Bass, Berry & Sims attorney Chris Lazarini provided insight on the case R.W. Grand Lodge of Free & Accepted Masons of PA vs. Meridian Capital Partners, Inc. in which the plaintiff sued Meridian and others seeking to recover losses suffered in the Madoff Ponzi scheme. The Court upheld the district court’s consolidation order and dismissal of all claims. Chris provided the analysis for Securities Litigation Commentator (SLC). The full text of the analysis is below and used with permission from the publication. If you would like to receive additional content from the SLC, please visit the SLC website to sign up for the newsletter.
R.W. Grand Lodge of Free & Accepted Masons of PA vs. Meridian Capital Partners, Inc., No. 15-1064 (2nd Cir., 12/15/15)
*A district court may consolidate actions when there are common questions of law or fact in the cases pending before the court.

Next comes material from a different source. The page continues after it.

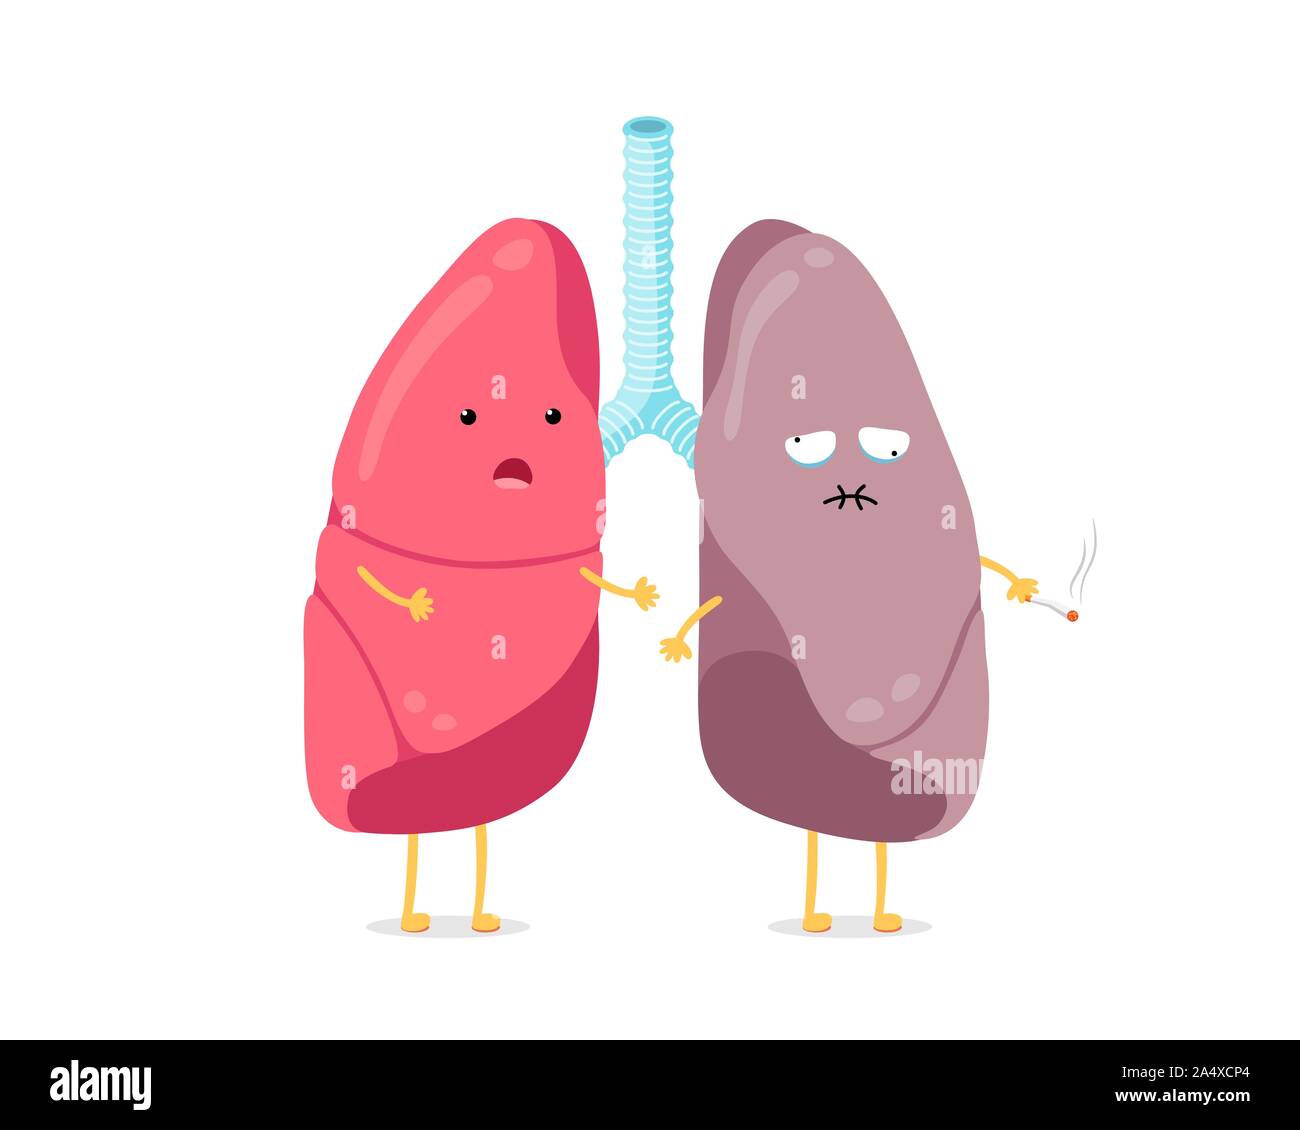 Cute cartoon funny lungs character healthy and smoker. Strong surprised and suffering sick smoking lung mascot. Human respiratory system internal organ compare. Medical anatomy vector illusrtation Stock Vector

**To state a claim under Section 10(b), plaintiff must specifically identify the fraudulent statements, the speaker, where and when the statements were made and why the statements were fraudulent.
***SLUSA precludes state or common law claims alleging fraud in connection with the purchase or sale of a covered security.
In multidistrict litigation, Plaintiff sued Meridian and others, seeking to recover losses suffered in Bernard Madoff’s Ponzi scheme. The district court dismissed the action, finding that the middlemen defendants were genuinely deceived by Madoff and that Plaintiff failed to state a claim under Section 10(b) of the Securities Exchange Act of 1934. The court also dismissed Plaintiff’s state law claims, finding them precluded by the Securities Litigation Uniform Standards Act (“SLUSA”).
On appeal, Plaintiff challenged the consolidation order and the dismissal of its claims. The Court finds that the district court did not abuse its discretion in consolidating Plaintiff’s claims with those of others, explaining that there are common questions of fact among the cases regarding defendants’ investor presentations, letters and quarterly reports.
Conducting a de novo review, the Court affirms the dismissal of the Section 10(b) claims. The Court finds Plaintiff’s “red flag” allegations – Defendants recklessly ignored warnings which should have called attention to Madoff’s illegal conduct – do not give rise to a strong inference of scienter necessary to state a securities fraud claim. The Court notes that multiple district courts have rejected similar claims based on an alleged failure of due diligence in uncovering Madoff’s fraud.
Finally, the Court finds that the district court properly dismissed the state law claims under SLUSA’s preclusion provision. The state law claims, the Court explains, allege deception in connection with Plaintiff’s decision to invest in one of Madoff’s feeder funds and are, therefore, part of a covered class action precluded under SLUSA.